Thats a very surprising comment Prawn. The three drills holes have  confirmed 280 plus metres of high grade graphite.  They come on the top of extensive surface trenching which confirmed high grade graphite over many kilometers.

This will be the largest graphite resource yet found. The questions now are

 how quickly can it be mined; 
will there be other significant  competitors (including new explores); 
how will the current high price of graphite hold up with such a huge resource and 
what will be the response of other current graphite producers.


----------



## prawn_86 (5 June 2012)

basilio said:


> Thats a very surprising comment Prawn. The three drills holes have  confirmed 280 plus metres of high grade graphite.  They come on the top of extensive surface trenching which confirmed high grade graphite over many kilometers.
> 
> This will be the largest graphite resource yet found. The questions now are
> 
> ...




Im not saying there isn't a resource, and i dont know anything about graphite, but i am not aware of any mines that have gone ahead on 3 drill holes, so depending on the structure/layout it could still possibly not be feasible imo.

I agree with all your other questions and it isnt easy for a company to progress sucessfully from exploration to mining a resource


----------



## burglar (5 June 2012)

prawn_86 said:


> ...  it isnt easy for a company to progress sucessfully from exploration to mining a resource




Might get swallowed by takeover or merger!!


----------



## burglar (8 June 2012)

chakvetadze said:


> ... the first 3 holes ...




Mmmm!! First 3 holes, ...


----------



## prawn_86 (15 June 2012)

Actually had these guys mentioned (not as an investment) yesterday, so i did some reading. Yes their graphite resource has the potential to be huge, but to me they seem to be very early stages and a 300m market cap for a resource with 3 holes seems a bit extreme to me.

Plenty of co's with MC's under 300m that are turning profits, although the market isn't always rational...


----------



## Vader (15 June 2012)

prawn_86 said:


> Actually had these guys mentioned (not as an investment) yesterday, so i did some reading. Yes their graphite resource has the potential to be huge, but to me they seem to be very early stages and a 300m market cap for a resource with 3 holes seems a bit extreme to me.
> 
> Plenty of co's with MC's under 300m that are turning profits, although the market isn't always rational...
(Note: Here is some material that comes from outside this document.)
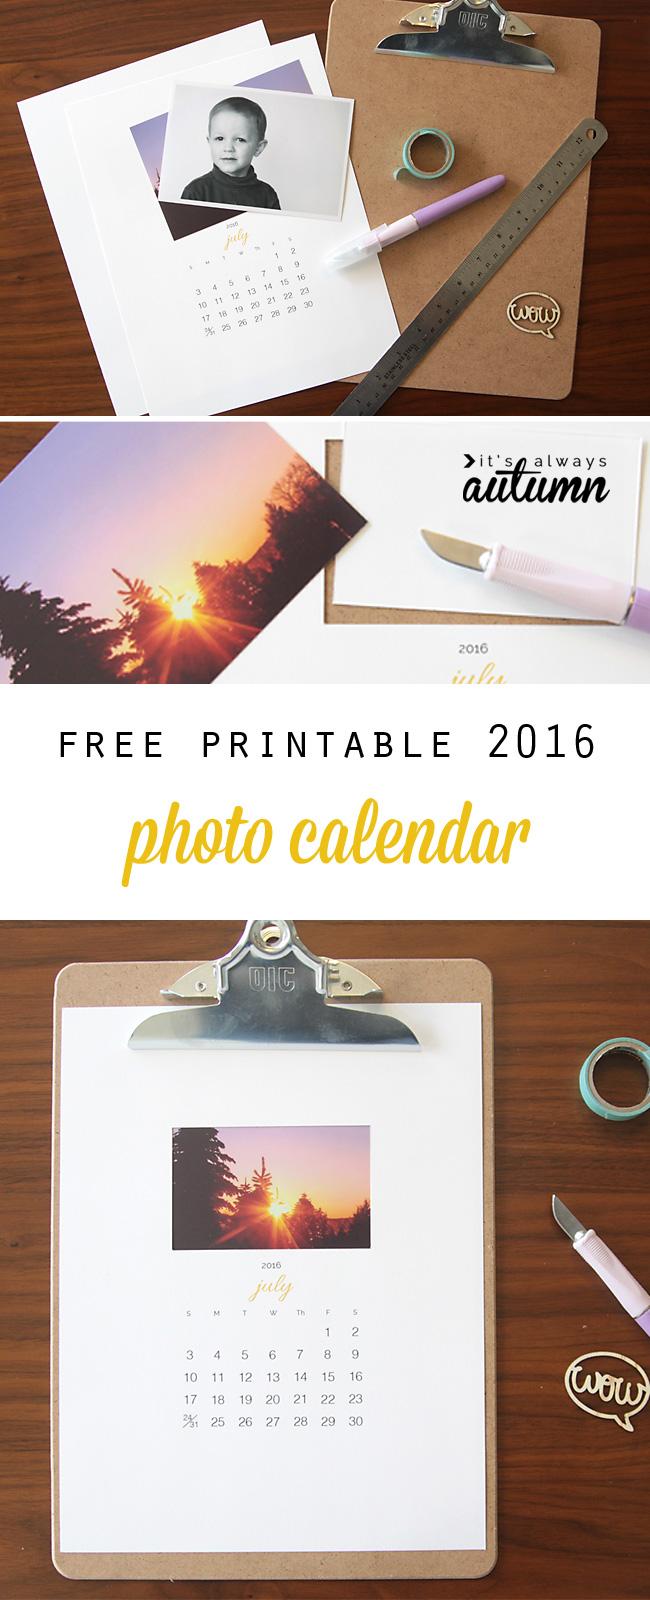 Free printable calendar with photos added

It's a bit more than three holes... the ore body breaches the surface, and on top of the (4) drill holes, they've dug something like 8 or 9 trenches at varying depths between 1m and 20m over hundreds of metres... I don't think there is a lot of doubt over the size of the ore body and while I'm sure there will be pockets of lower grade graphite in there, I think there is a fair bit of justification to support current estimates, especially given how low cost the mining process should be to get the stuff out.


----------



## prawn_86 (15 June 2012)

So what sort of profits are they forecasting? And what effect would a supply that large have on the global graphite market?


----------



## Vader (15 June 2012)

prawn_86 said:


> So what sort of profits are they forecasting? And what effect would a supply that large have on the global graphite market?




I think the biggest concern at present is how long it will take to get all their mining permits in place - from what I've read it took 2 years to get their exploration permit sorted out. Presumably they still need to go through a feasibility process and get their mining license and all that, so there is a reasonably high risk that could drag along in a similar fashion.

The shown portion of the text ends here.